Being a father is one of life's greatest joys, but the process of becoming a father involves some of the biggest challenges that men can experience in their adult lives. Few of us go into fatherhood prepared for what's in front of us as we try to meet the conflicting needs of our partners, children, and jobs. At the same time, our own experiences and needs can often get pushed down or go unseen. Friendships that we have relied on earlier in our adult lives can feel distant or inaccessible, and the emotional support that we previously received from our partners can disappear because of the constant need to care for a baby. We are alone precisely at the moment when we need the most help. By facing these challenges with courage and support, we can grow into men capable of being mature fathers and leaders.
This group will help men at the beginning of fatherhood to grow and meet the challenges they face through peer and expert support.
Josh Krieger, Psy.D. is a San Francisco-based clinical psychologist in private practice for the last 15 years. He specializes in working with men and couples. Josh has trained extensively in psychodynamic psychotherapy, mindfulness meditation, and integrative psychotherapy. He has been married for 20 years and has an 13-year-old son.
The cost for attending this 10-session group is $520.
The group will include 10 men and the leader. It is open to all men who have a child less than 2 years old or are about to have a baby. Group members should have a willingness to examine their interpersonal behaviors, to share parts of their private lives, and to give and receive supportive feedback from a small supportive group.
If you're interested in joining this group, please send an email to Josh Krieger at josh@joshkrieger.com
We each enter fatherhood carrying a set of assumptions, hopes, and expectations. Some of us enter fatherhood begrudgingly, fearing the loss of our independence. Some of us want to correct the ways our own fathers raised us for the sake of our children. Some of us feel excited about building our own family. Whatever your hopes and expectations, we’ll spend this session discussing what it means for each of us to become a father.
Before having a child, men often fear the loss of their independence, the loss of attention from their partners, and the potential loss of sex in their lives. After having a child, the aspects of life rarely return to the way they were before. This week we talk about our fears and hopes around how our marriages/partnerships will change after the birth of a child and the reality of how they are changing.
It’s often not just that life is busier after having a child, but old friends have moved away, responsibilities at work have increased, and in our free time we often want to sleep or just be alone in our man caves. While women quickly group up into moms’ groups and yoga classes, men can find themselves increasingly isolated at precisely the moment when deeper friendships matter the most. This week we’ll talk about isolation in fatherhood and the importance of sustaining meaningful friendships with other men.

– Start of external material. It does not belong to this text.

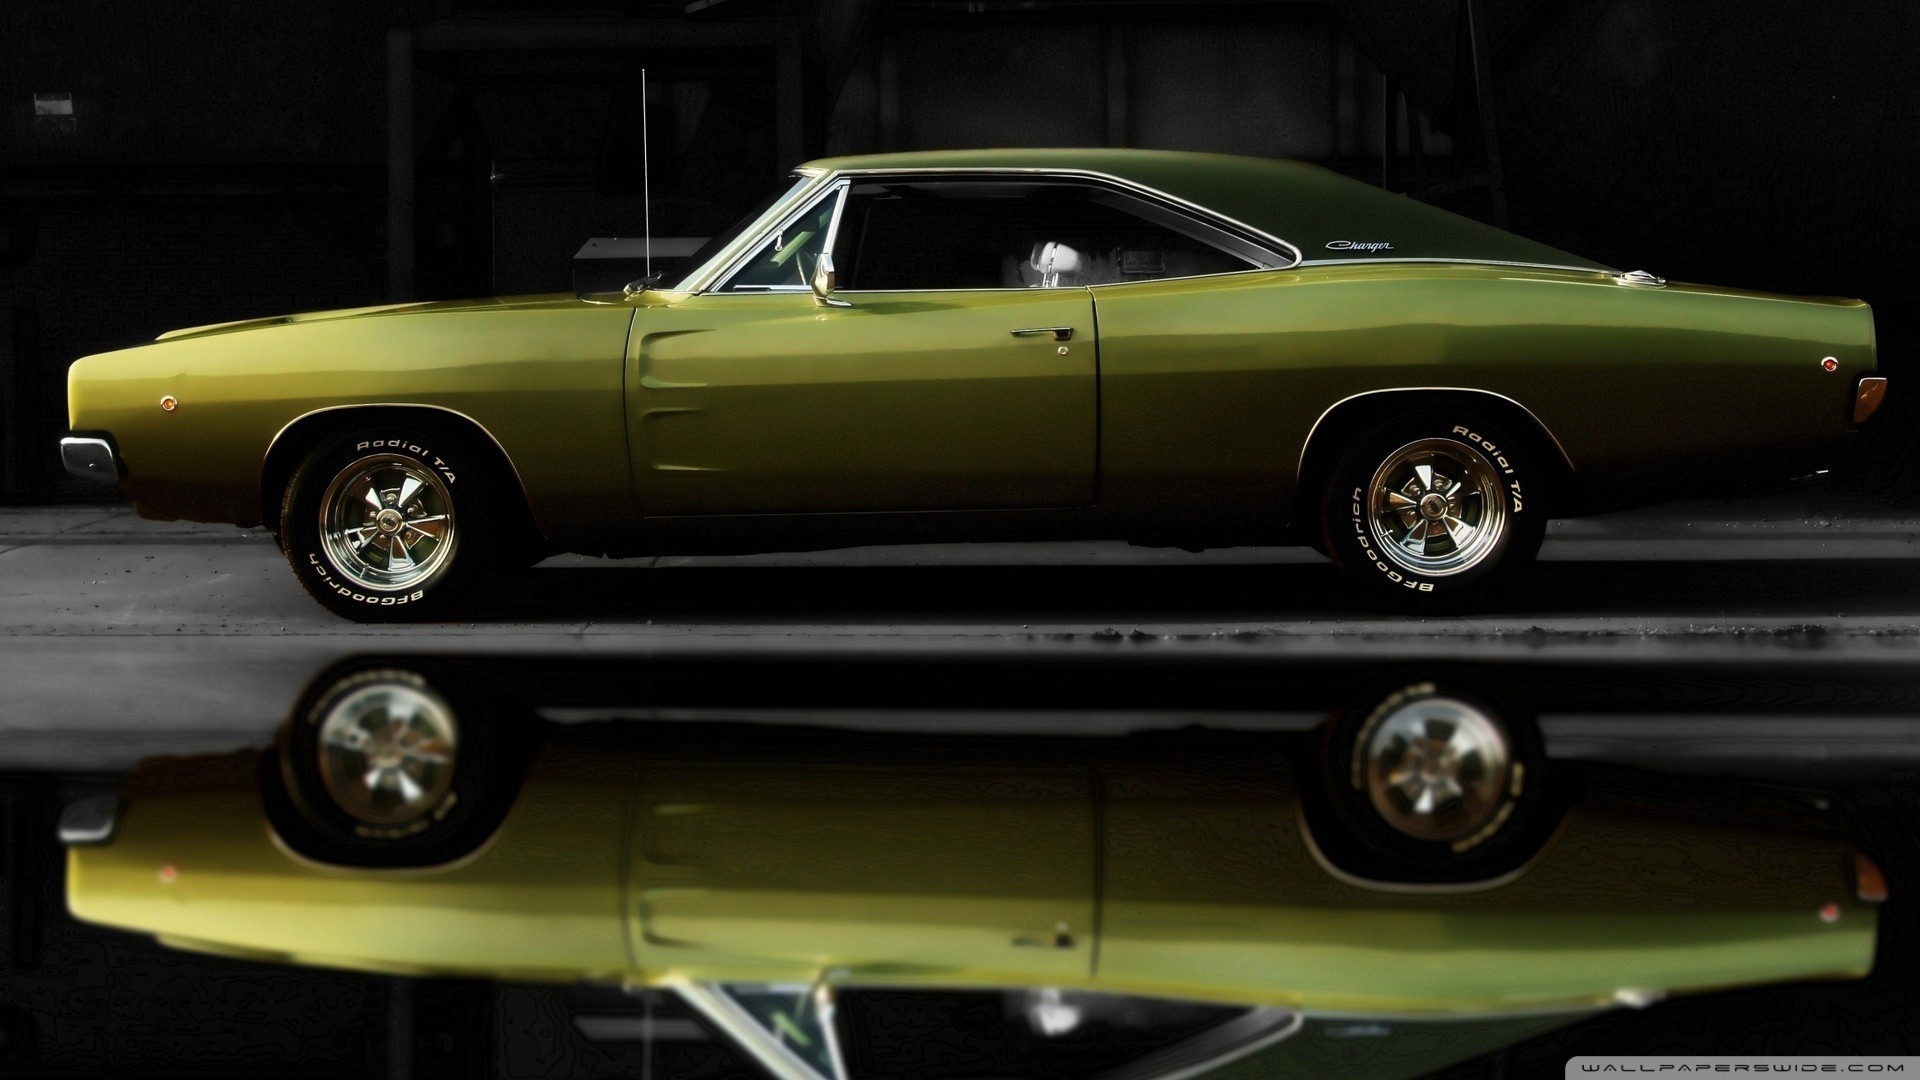 1968 Dodge Charger - Dash Parts 1970 Plymouth Cuda , HD Wallpaper & Backgrounds

The birth of a first child often occurs at the same time as other bodily changes for men. We can begin to develop a “dad bod.” Changes in metabolism mean lower energy levels and weight gain. We can be more fatigued and don’t feel as attractive as we once were. Sexual desire and function also change as we age. This week we’ll talk about ways that each of us finds to care for ourselves amidst the challenges of fatherhood.

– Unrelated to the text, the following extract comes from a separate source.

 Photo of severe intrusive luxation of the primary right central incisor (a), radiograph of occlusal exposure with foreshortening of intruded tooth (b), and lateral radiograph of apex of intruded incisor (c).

Parenting styles vary widely between cultures and family backgrounds. Traditional stereotypes often have mothers nurturing and protecting their children, while fathers help kids leave the nest and become independent. What is your parenting style, why do you have it, and what does that mean for you, your partner, and your kids?
Taking on the responsibility of becoming a parent involves a tremendous amount of self-sacrifice. This sacrifice is not simply not getting enough sleep or not having enough time to yourself, it is a willingness to let go of what you want and need, to tolerate frustration for the sake of others in your life, particularly your children. And different from other sacrifices, it just doesn’t seem to end. This week, we’ll focus on how to get your own needs met and how to manage things when others' needs are more important than your own.
This week focuses on healthy boundaries for your family. While you undoubtedly have already had conflicts with your in-laws (or your partner has, with your parents), the birth of a child creates a new necessity for rethinking old boundaries. One developmental task of a new family is how to establish a membrane around you and your family that is permeable to some relatives but not others.
Having children means much greater demands on our time and finances. Traditionally, fathers financially provided for their children, but were otherwise absent, but there are very different expectations of modern fathers. How do we manage the tradeoffs between being present as a parent and our own career aspirations? Do we withdraw from the family in order to financially support it or do we sacrifice a portion of our professional identity to care of the family? This session explores the tradeoffs men make as they balance career and family.
Just as you start to establish a routine with your new baby, either or both parents need to return to work. Couples solve these problems by getting nannies, sharing nannies, signing up for daycare, having grandparents involved, or with either or both parents caretaking for some of the week. We'll spend this session talking about the best ways to manage this step with your partner. Group members will have the chance to share their own perspectives on solving these challenges.
This is our last session. We will reflect together on the topics covered during the previous 9 weeks and what remains to be explored.